Увидев её, и Дитрих почувствовал себя свиньёй. Он тихо опустился на краешек стула. Он чувствовал, что поступает не по-товарищески. Или наоборот – по-товарищески? Ганс – заблудшая бестолковая душа, его надо как можно скорее спасти, вернуть в безопасное лоно НСДАП.

Но всё же разговор у них никак не клеился. Дитрих понимал, что с крючка Нильса ему не соскочить. Из мягких лапок Нильса никому не вырваться. И Дитрих беспомощно, словно в поисках защиты, оглянулся на плотно затворённую белую дверь.

– Не хочет он ехать. Ни в какую, – глухо проговорил Дитрих. – Поговорите с ним. Я сделал всё, что мог.

Нильс даже глаз не поднял от папки. Не глядя на Дитриха, он сделал величественный жест рукой – дескать, свободен. И Дитрих поспешно вышел.

Следом за ним в кабинет зашёл наш командир взвода. Нильс жестом пригласил его садиться. Командир взвода молча уселся и тут же – без разрешения – закурил. А Нильс, словно в продолжение некого разговора, спросил:

– А какое происхождение у этого Гравера?

Командир взвода дымил так, точно в кабинете Нильса жгли целую вязанку хвороста.

– Почище нашего, – флегматично отозвался командир, выпустил кольцо дыма и проводил его взглядом, как даму.
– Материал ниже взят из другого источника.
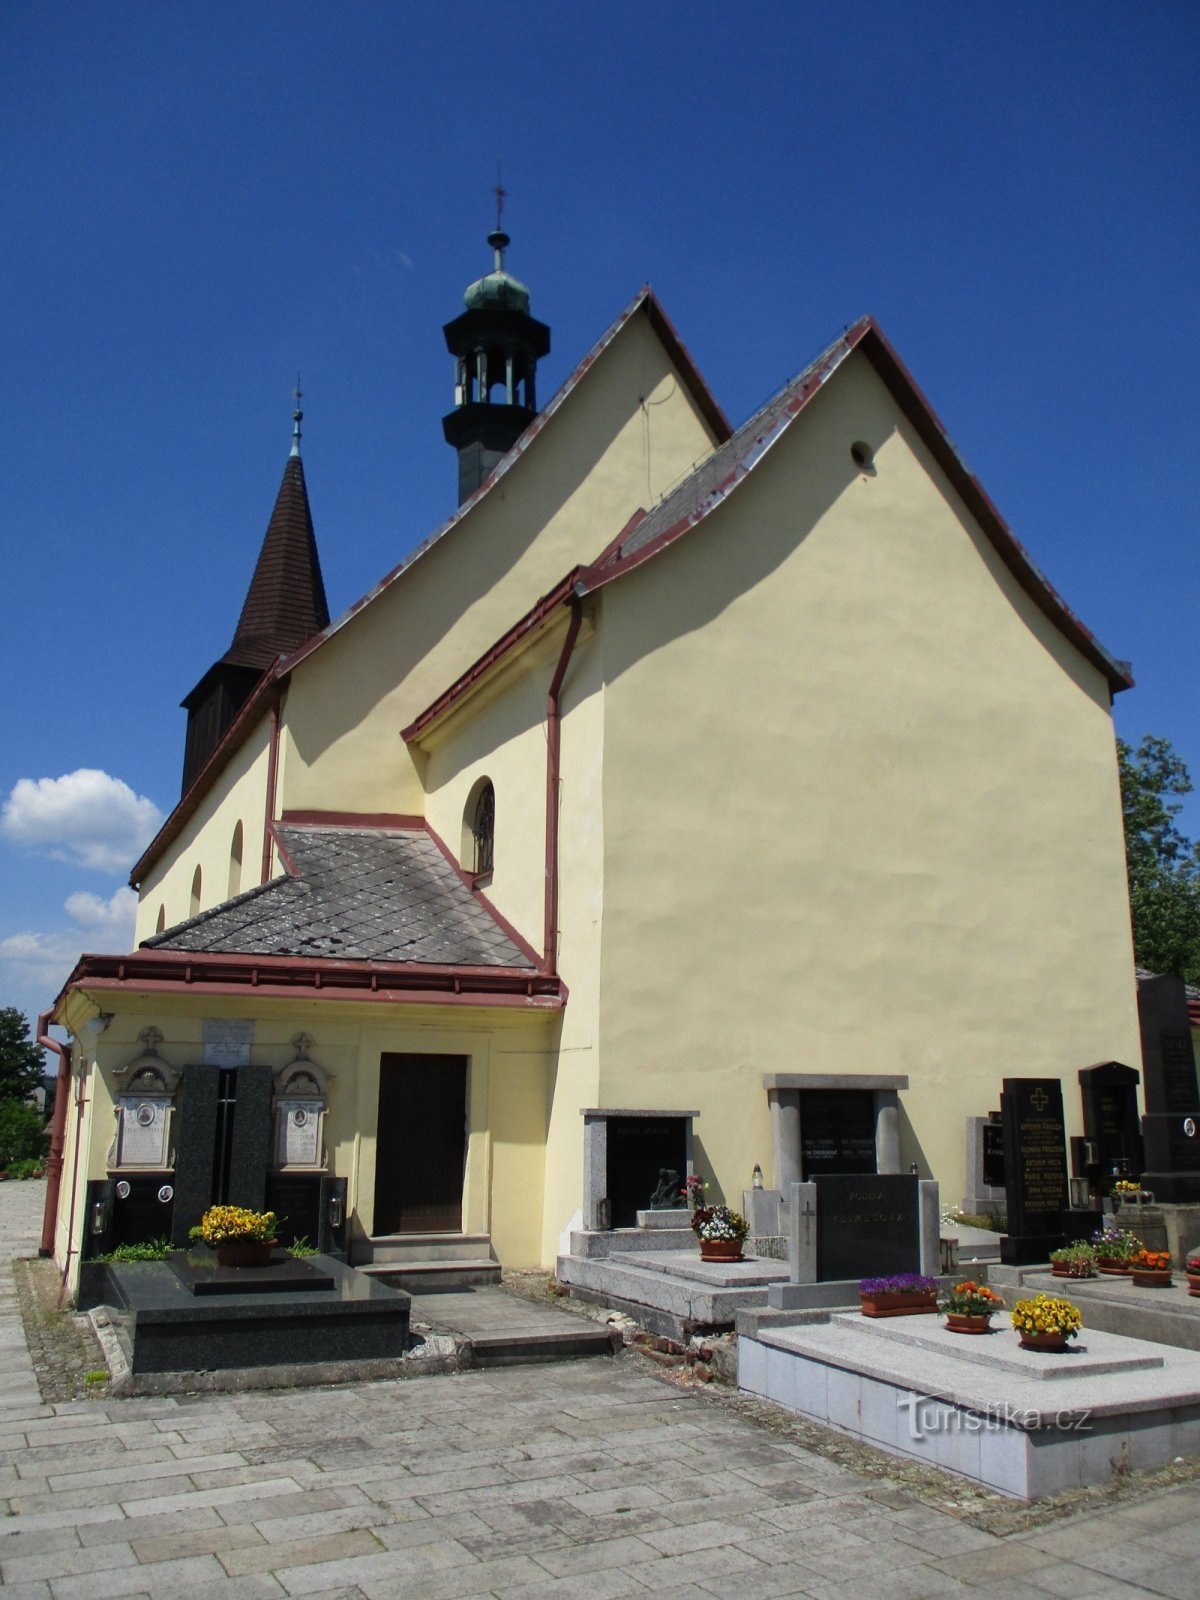 Kerk van St. Johannes de Doper (Rtyne in Podkrkonoší, 5.6.2019 juli XNUMX)

– Неужто сам Один был его предком?

–Практически.

Они разразились таким хохотом, что чуть не полопались оконные стёкла. Наконец Нильс смахнул слёзы, захлопнул папку и небрежно забросил её в верхний ящик стола.

– Ладно, – подытожил Нильс, – пусть пока остаётся тут. С вами пускай едет Лейбнехт. А Гравера ты получишь. Обещаю, он поедет следующим.

Командир взвода одобрительно кивнул.

VIII

Довелось и мне посетить тот кабинет, – буквально на следующий день. Удовольствие ниже среднего. Нильс точно так же сидел за своим сверкающим столом, просматривал какие-то бумаги. Распахнув дверь, я, как ветер, ворвался в его кабинет, и…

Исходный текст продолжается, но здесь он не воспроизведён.